Finally, an interesting and perhaps non-obvious way to compare strings is with phonetic algorithms. The idea is that 2 strings that sound same may be the same (or at least similar enough). One of the most well known phonetic algorithms is Soundex, with a python soundex algorithm here. Another is Double Metaphone, with a python metaphone module here. You can also find code for these and other phonetic algorithms in the nltk-trainer phonetics module (copied from a now defunct sourceforge project called advas). Using any of these algorithms, you get an encoded string, and then if 2 encodings compare equal, the original strings match. Theoretically, you could even do fuzzy matching on the phonetic encodings, but that’s probably pushing the bounds of fuzziness a bit too far.

• David Avraamides

You should also look at difflib in the standard library. get_close_matches and SequenceMatcher do some similar things.
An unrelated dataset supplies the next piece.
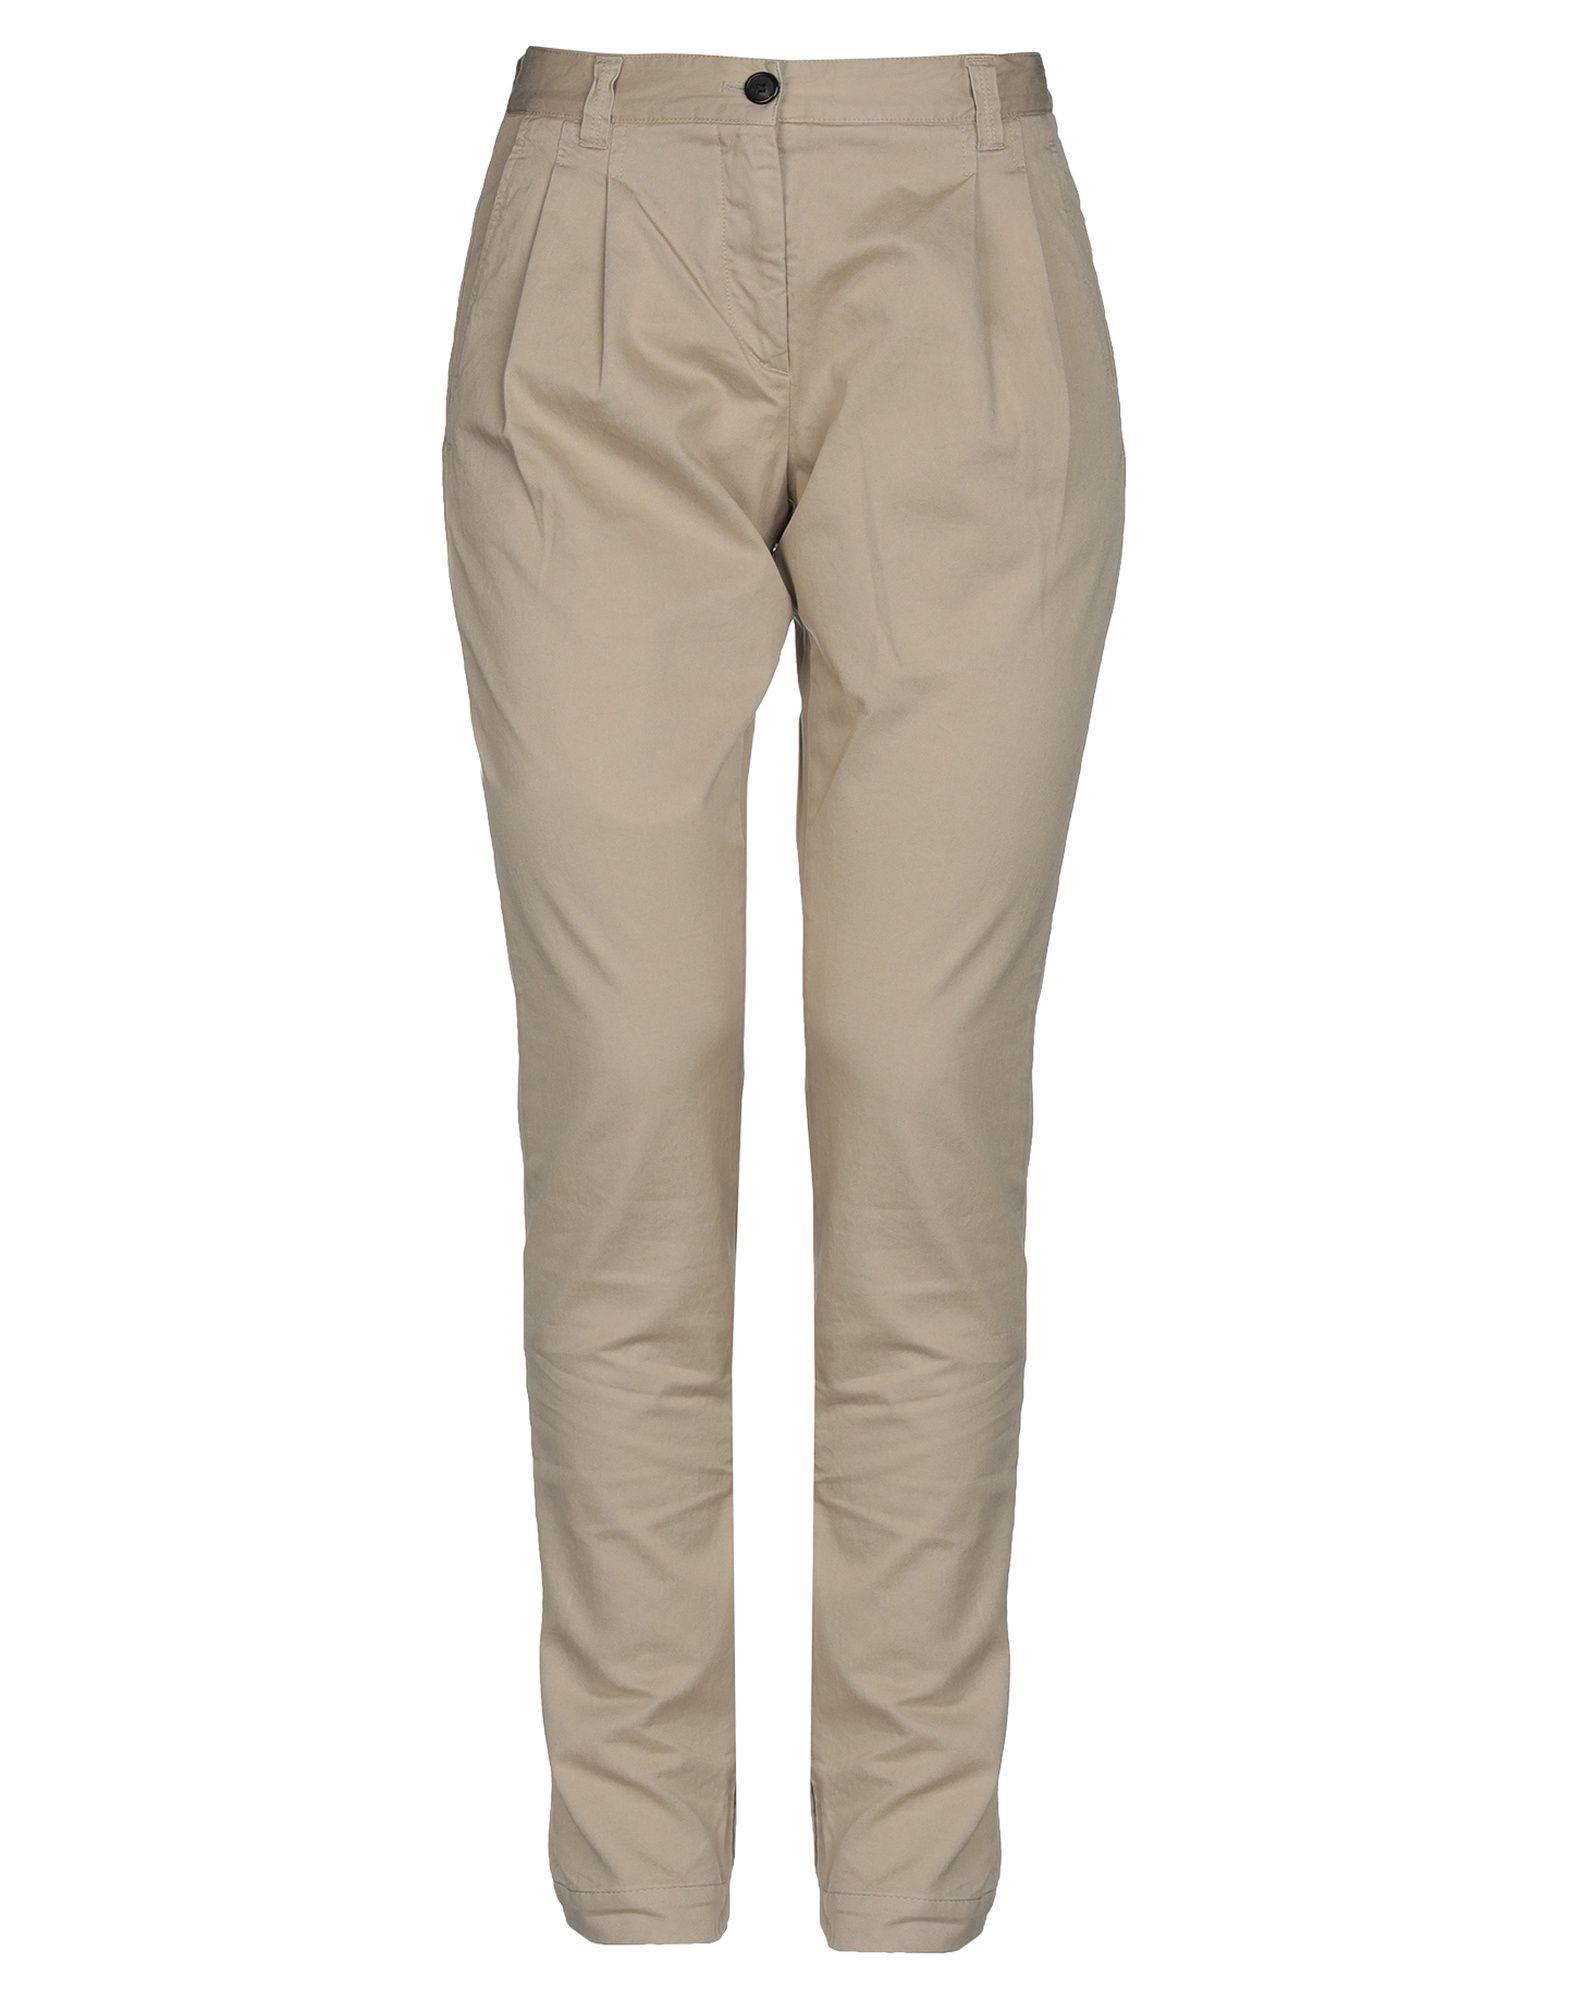 Pantalone Mauro Grifoni damen - 13297452LF

• Yes, I mentioned difflib in the context of fuzzywuzzy, but I think I need to do some of my own experiments with SequenceMatcher.

• Steven Vereecken

FYI: the new regex module, intended to eventually replace the current re module (http://pypi.python.org/pypi/regex), has some interesting additional features for “fuzzy matching”, allowing you to specify the maximum number of “errors” that is allowed for a certain (sub)pattern. I haven’t played with it much yet, but it looks very useful.

• Thanks, I had no idea there was a new regex module in the works.

• Pingback: Fuzzy string matching « Python Adventures()

• The regex code is wrong, change it with this:

re.sub(‘s+’, ‘ ‘, s)

• Thanks for catching that, corrected now.

• Hi, Jacob!

Something that’s very useful for fuzzy matching of non-english strings is unicode de-normalization, such that fuzzy_match(u”ação”, u”acao”) == True. For that, you need a deaccentuation function, such as the following:

from curses.ascii import isascii
from unicodedata import normalize

deaccentuate = lambda t: filter(isascii, normalize(‘NFD’, t).encode(‘utf-8’))

>>> deaccentuate(u”ação!”)
‘acao!’

In case you need it back in an unicode string, modify it slightly so:

deaccentuate = lambda t: u””.join(filter(isascii, normalize(‘NFD’, t).encode(‘utf-8′)))

>>> deaccentuate(u”ação!”)u’acao!’

I have been using this to compare Portuguese language strings for a long time.

Cheers,
Augusto Herrmann

• Yes, I forgot to mention that, but now I’m thinking I could do a whole article on just string normalization. I actually use unicodedata.normalize(‘NFKD’, s), but have started looking at using unidecode: http://pypi.python.org/pypi/Unidecode/

• Augusto Herrmann

I wasn’t aware of the Unidecode package, thanks for pointing it out!

The tradeoff is that using the function above is simple, as unicodedata and curses.ascii are all part of the standard library, so there are are no added dependencies. On the other hand, the library might cover some corner case that the code above does not. Have you spotted one so far?

• I’m not sure it has better coverage, but it seems simpler, and you can do more with less code.

• Christopher Stoll

You might be able to replace these techniques (normalization, regex, etc.) with a single dynamic programming algorithm, no? I guess it probably depends upon what you are trying to accomplish though.

• I’ve never heard of anyone doing that, and I’m not sure how well it would work, because you can’t necessarily break a string down into pieces and match those pieces to match the whole string. For larger strings that might make sense, but the smaller the string, the more exact you should be.

• Andrew Sanchez

After using the algorithms provided in your excellent phonetics module to get the Soundex code for a word, how can I use that code to find other words with a matching code? Ideally, I’d like to finding matching words using WordNet. There are some sites like http://www.wolframalpha.com/input/?i=soundex+Fuzzy that allow me to do exactly what I want to do, but I’d like to do this programmatically in Python so that I can get phonetic codes for lists of words, and then generate lists of matching words for each code. Further, I’m thinking that by using NLTK and WordNet, I can then filter those lists of matching words by POS. Any suggestions for a starting point? Thanks for your wonderful articles!

• Hi Andrew,

I didn’t write the phonetics module, so credit is due to the original authors.

It sounds like you need to create a search index. If you indexed all the words in WordNet by the soundex, then looking up words for a given soundex would be trivial. You could do this with a database like SQLite, or maybe a text indexing library like https://whoosh.readthedocs.org/en/latest/.

• Michael

Isn’t the regex a bit of an overkill? Why not just s.replace(” “, “”)? Is it only for the other whitespace caracters?

• The regex replaces multiple spaces in a row with a single space. You don’t want to get rid of single spaces, because then you won’t be able to separate words.